Казалось, ответ получить, объяснение мы смогли уже через несколько лет, когда почти всех, кто на «ский» и на «ич», почти враз пересажали. Однако я не помню, чтобы хоть кто-то в нашей Глуше всерьез поверил, что они были замаскировавшимися, затаившимися «шпионами», «врагами народа». Хотя уверен, что фотографии в их «делах» лежат и поныне, мы-то не верили, а вот как следователь?.. О чем спрашивал-допрашивал, любуясь на белоснежные манишки мастеров-стеклодувов?..

До сих пор помню вкусные молочные клецки, которыми кормила мама Петьки и Стася Пацевичей. Поскольку я никогда, даже если сыт по горло, не отказывался и тотчас шел садился за обеденный стол, мой брат «Зеня», которому приходилось делать то же самое, а он этого не любил, дома горячо возмущался мной.

- Ты, сынок, так не делай, - учила мама, - смотри, как Женя, так и ты поступай.

Теперь когда меня звали к столу, я тут же рапортовал:

- Як Зеня, так и я!

Брат еще больше кипятился: что он все, как Зеня? Сам хочешь, ну и жри и забудь про меня! А то не пойду никуда с тобой.

Какие это были поляки и что за польский язык был в нашей Глуше -боюсь, что такой же, как белорусский или русский. Это был наш, глушанский волапюк, немыслимая смесь трех или даже четырех языков (не считая диалектов) на кратчайшем пути из Варшавы в Москву. Например, я долгие годы, так же как от детского «Зени», не мог избавиться от слова «мене» (в значении: мне). «Дай мене, покажи мене».

Вообще-то, должны были оставаться в Глуше и корни, корешки первых мастеров-стеклодувов, не просто белорусов-католиков (вроде моей бабки), но и коренных поляков, 100 лет назад перемещенных хозяином «гуты» на восток. У нас наряду с белорусской школой была и польская, в старом здании над прудом. (До самого 1937 года.)

* * *

1937 год к Глуше подбирался, как и везде, - через газеты, радио, сообщениями о московских и ленинградских заговорщиках, шпионах. И чего им, таким большим начальникам, не хватало, что они в шпионы завербовались? - хитро-простовато удивлялись глушане, на всякий случай отмежевываясь.

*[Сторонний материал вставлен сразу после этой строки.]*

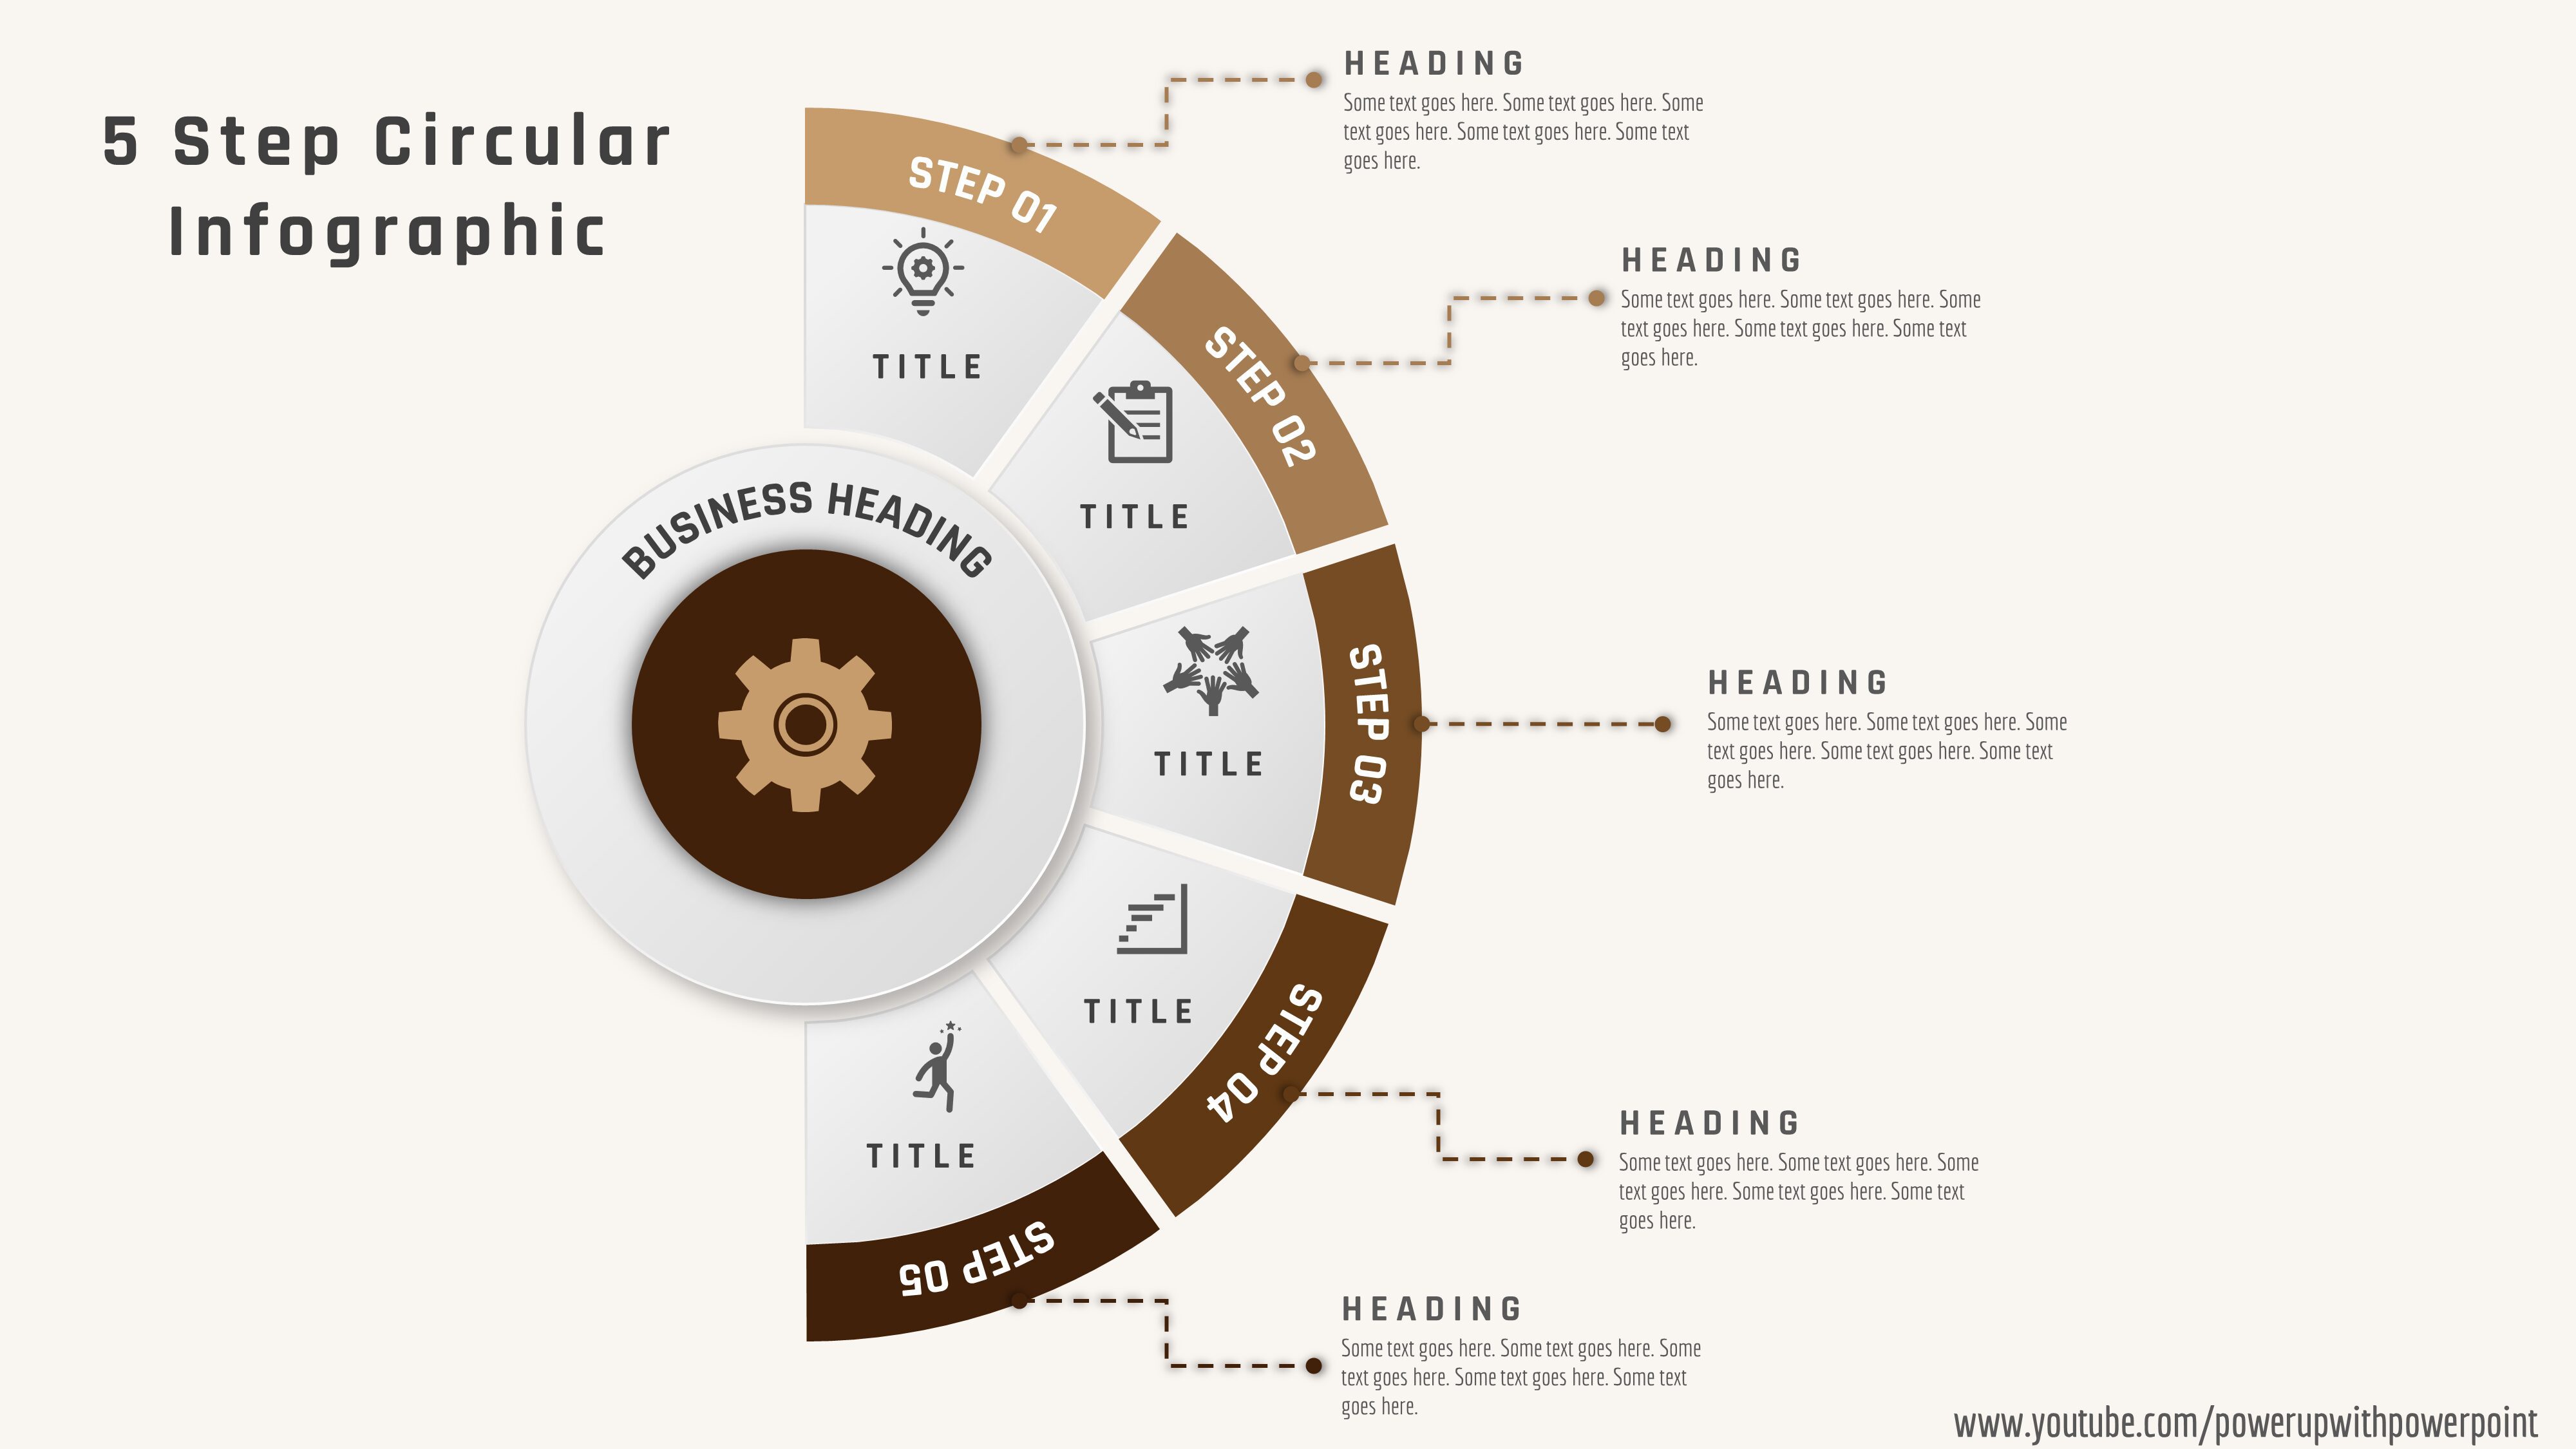 Download Powerpoint 5 Step Circular Infographic 82 Powerup With Powerpoint 4327

Когда показывали фильм: И.В. Сталин выступает по проекту Конституции, ни одного места в зале коминтерновского клуба не пустовало. Ваше присутствие обязательно! - никто этого не объявлял, но пришли все сколько-нибудь заметные глушане. Заметные, значит, заметно будет их отсутствие, было это у кого осознанное, у кого не очень, у всех по-разному, но пришли все. Зато обычное лежбище пацанов на полу перед экраном на этот раз пустовало. Сам парторг завода Сенкевич стоял там и добродушно-строго смотрел в зал.

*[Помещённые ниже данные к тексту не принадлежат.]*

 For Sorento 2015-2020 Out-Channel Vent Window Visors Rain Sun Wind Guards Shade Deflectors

Казалось, и парторг желал, чтобы его старания были замечены. Кем замечены, кто за всеми смотрел - даже вон за кем! - вразумительно не объяснишь. Но всякий на себе ощущал невидимый, внимательный, оценивающий взгляд. Кроме того, было просто интересно: хорошенько рассмотреть Сталина. Целых два часа Сталин на экране! Я невольно сбоку посматривал на отца, на мать - глядят напряженно, серьезно.

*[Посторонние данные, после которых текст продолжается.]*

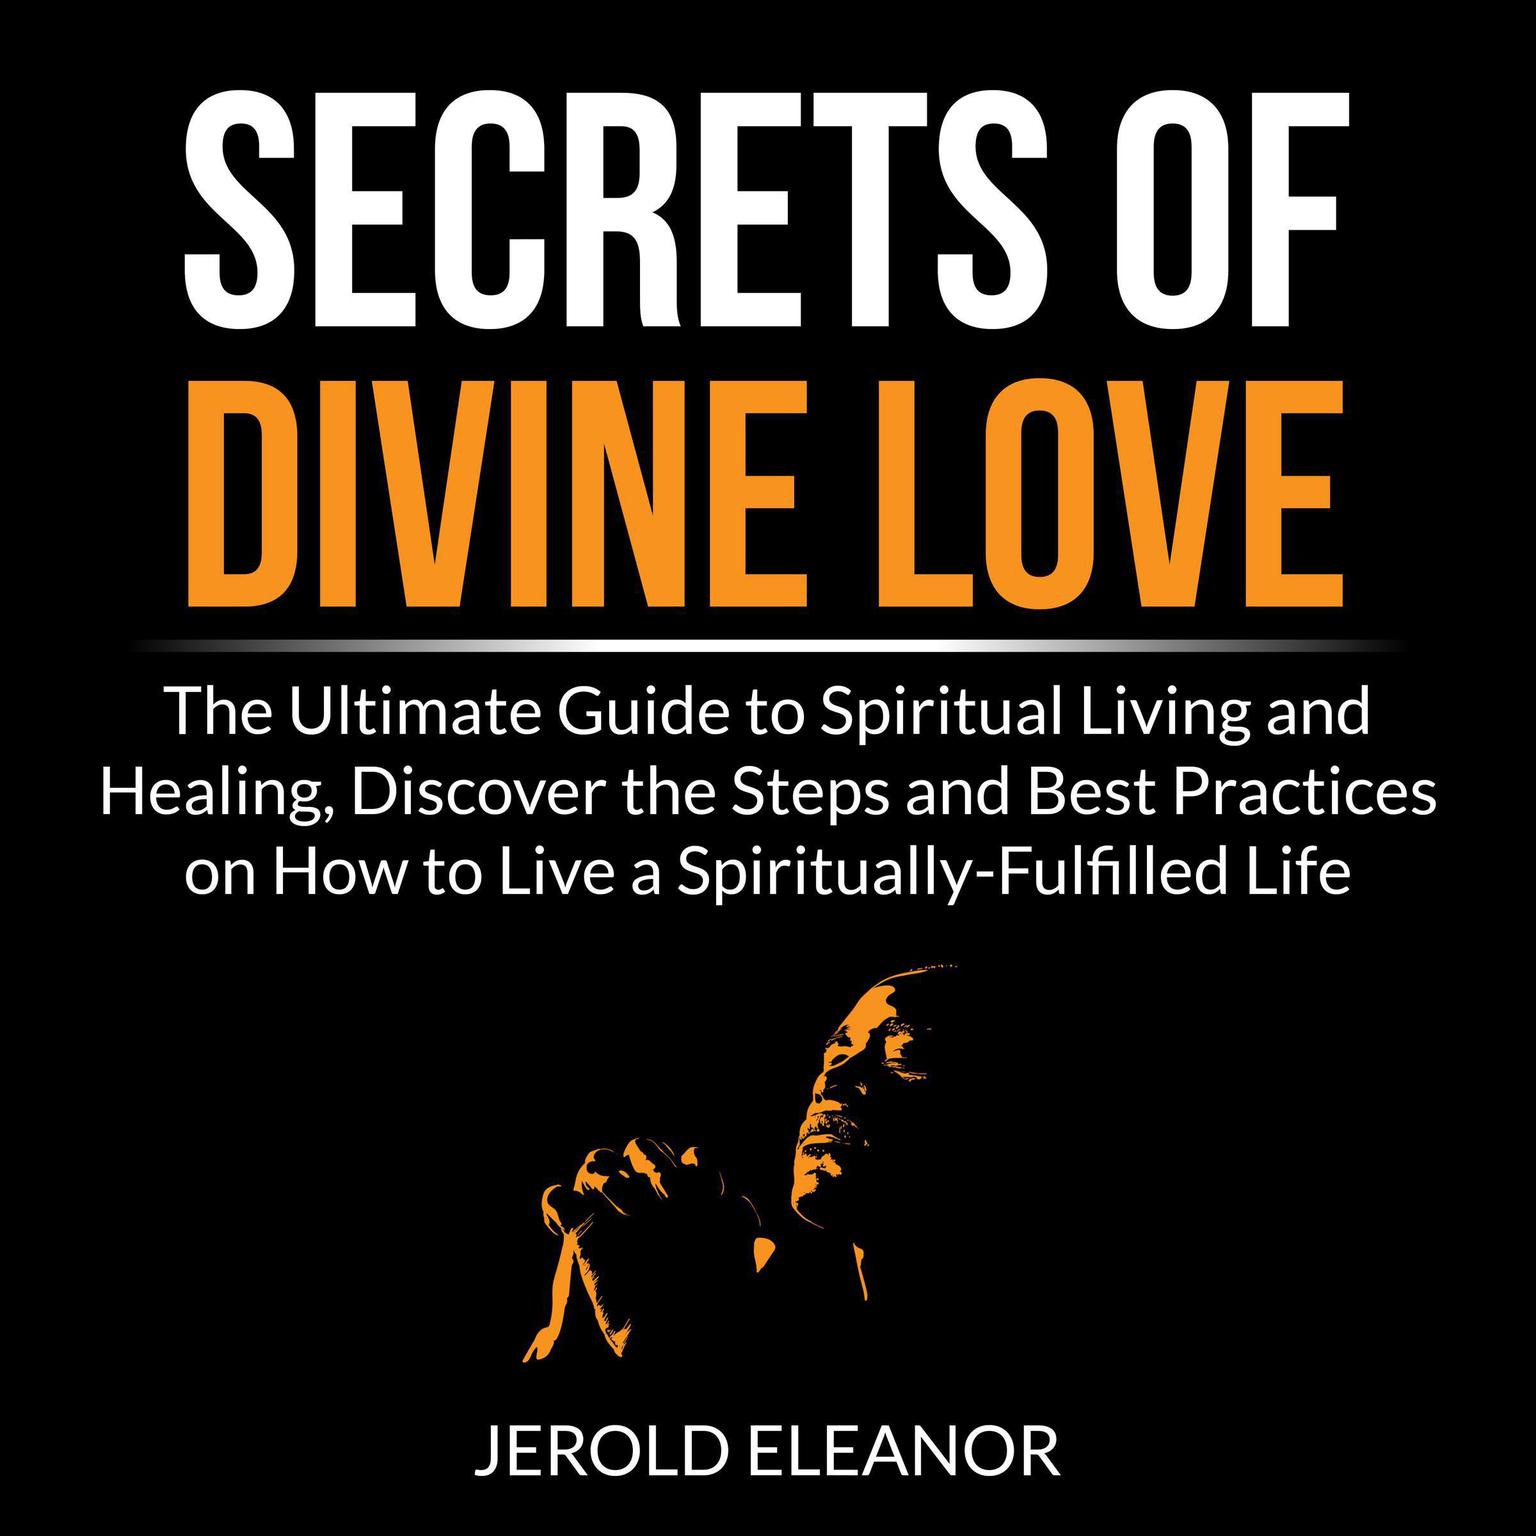 Secrets of Divine Love: The Ultimate Guide to Spiritual Living and Healing, Discover the Steps and Best Practices on How to Live a Spiritually-Fulfilled Life Audiobook, by Jerold Eleanor

Одно и то же, одно и то же: человек на трибуне, полчаса говорит, время от времени показывают аплодирующий зал - я начал уставать, а потому отвлекаться на всякие глупости. Замечать стал: Сталин плохо говорит. Нет, не акцент, не тягучий голос - это-то как раз казалось обязательносталинским и неотменимым. Но выглядел он почему-то неуверенным и вроде бы от этого и сердитым.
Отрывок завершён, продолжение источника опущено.